§ **Collected data**
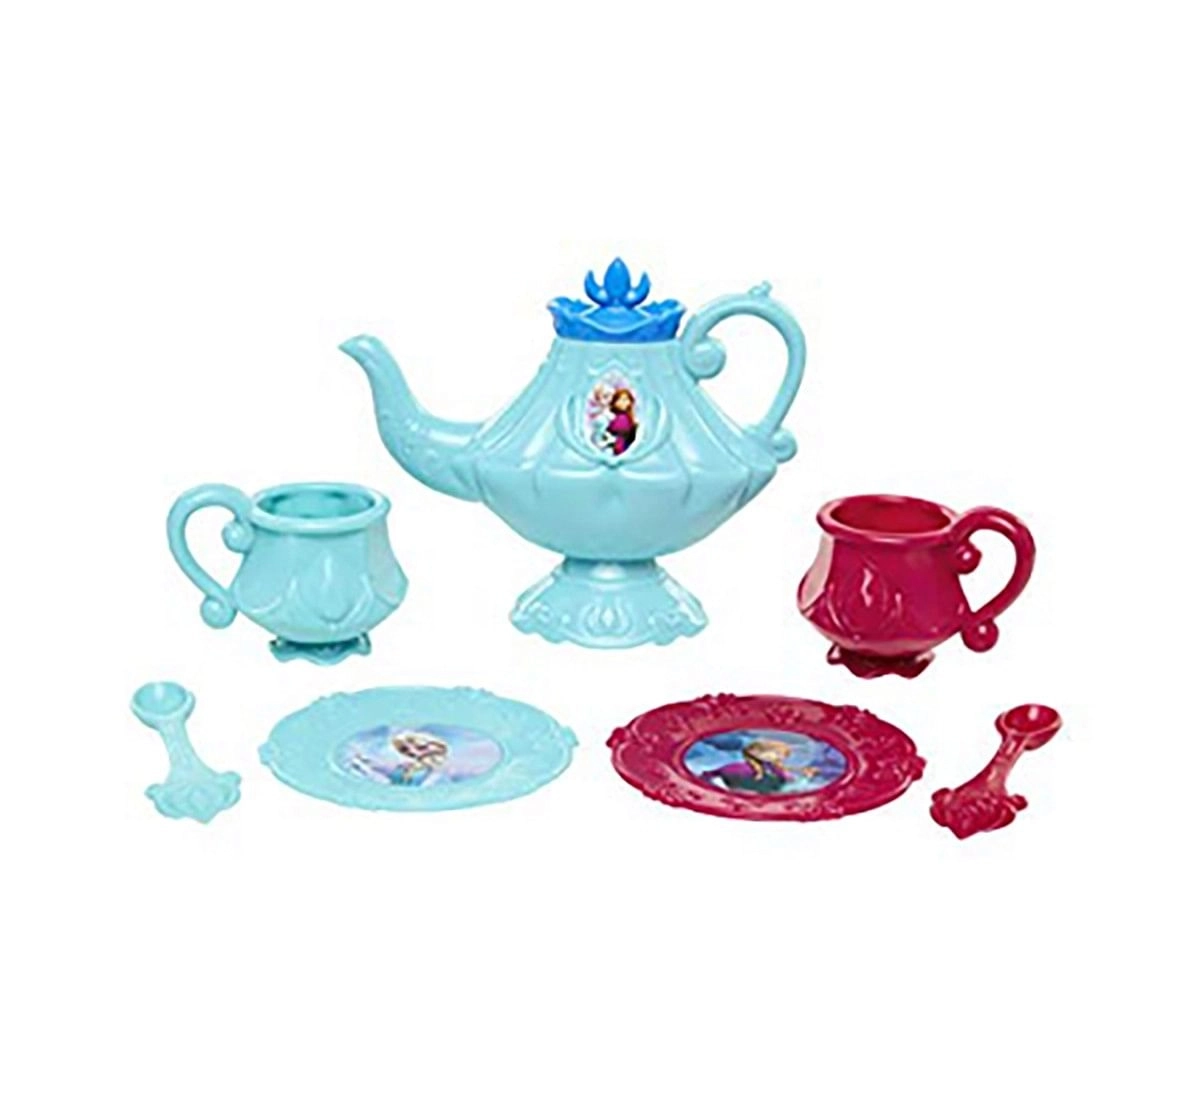 Disney Frozen Tea Set - 8Pcs Dolls & Accessories for age 8Y+ 
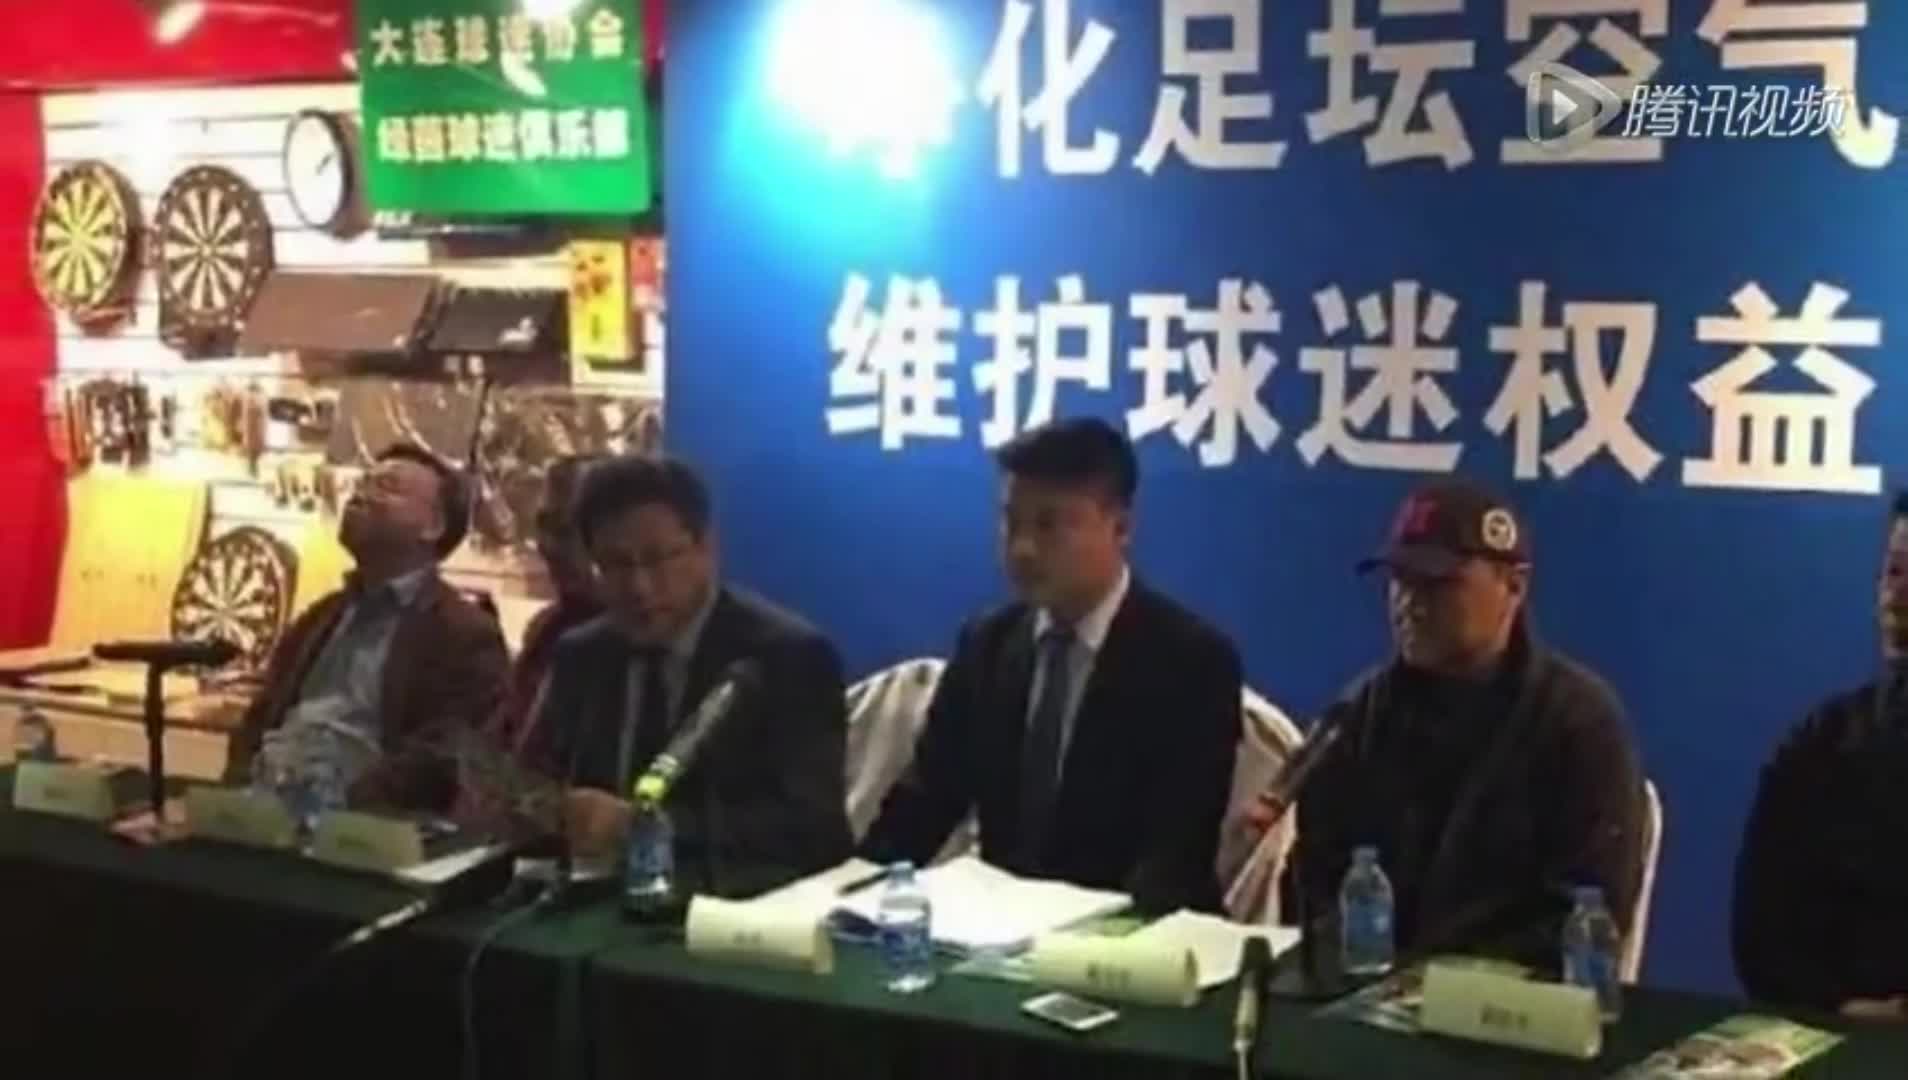 2015年大连球迷会曾实名举报河北华夏违纪违法收买对手
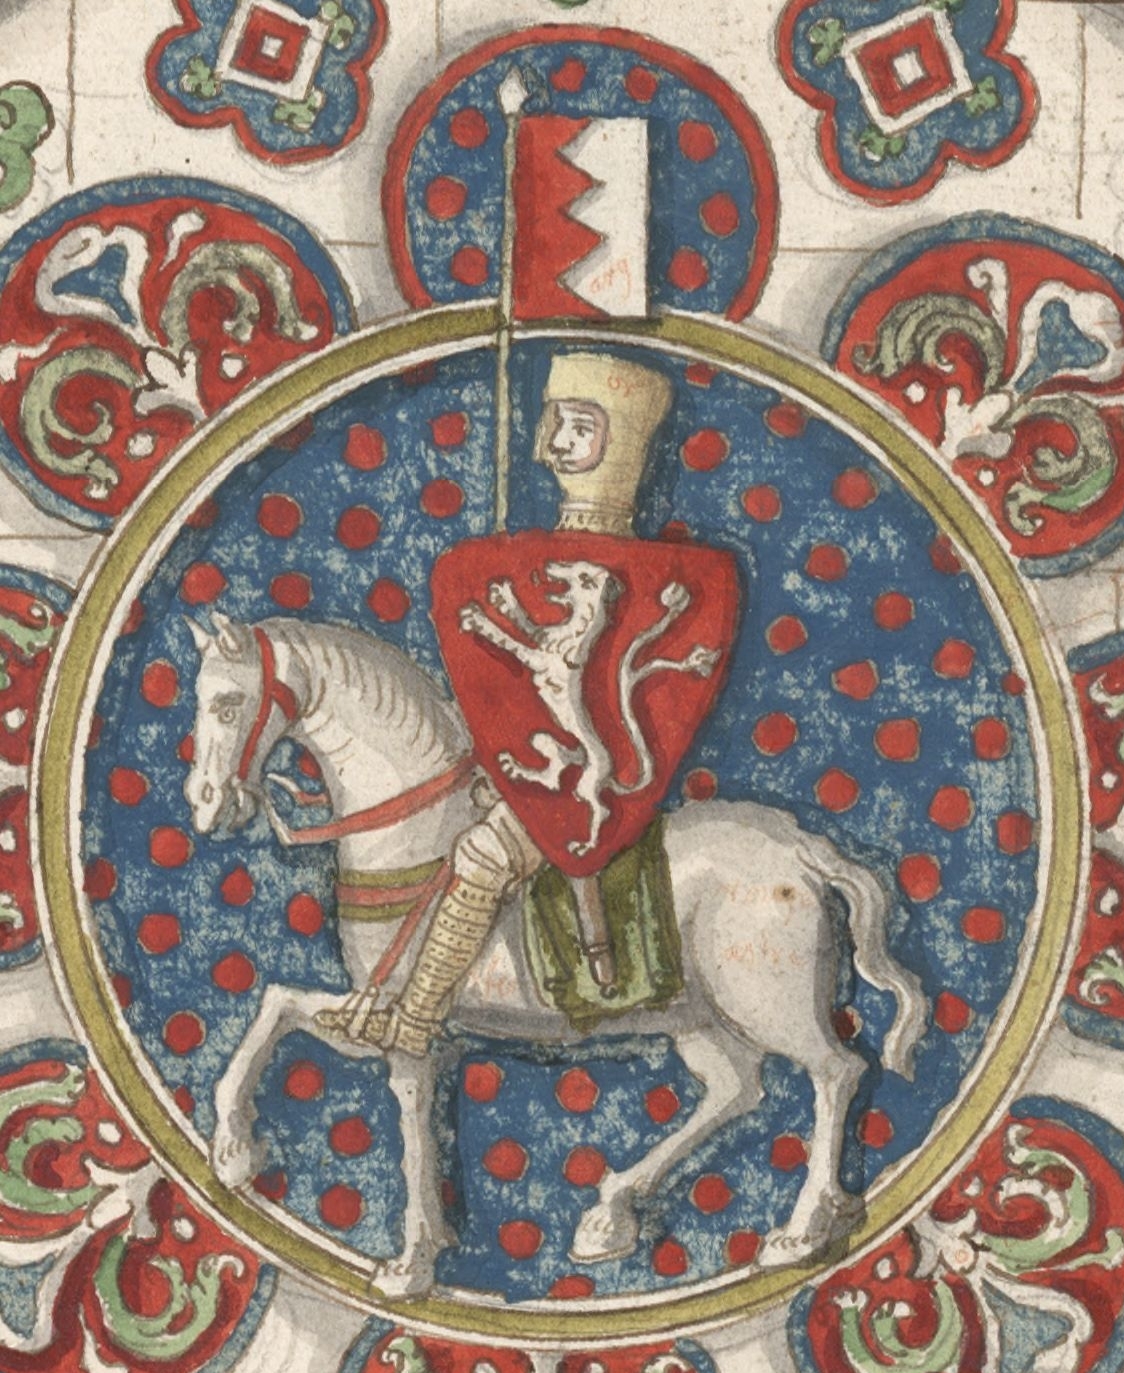 Simon de Montfort. Domaine Public via Wikimedia Commons

§ **Activity**
Repeat all of the data above word for word, minus the pictures.

§ **Result of this task**
 Disney Frozen Tea Set - 8Pcs Dolls & Accessories for age 8Y+ 
 2015年大连球迷会曾实名举报河北华夏违纪违法收买对手
 Simon de Montfort. Domaine Public via Wikimedia Commons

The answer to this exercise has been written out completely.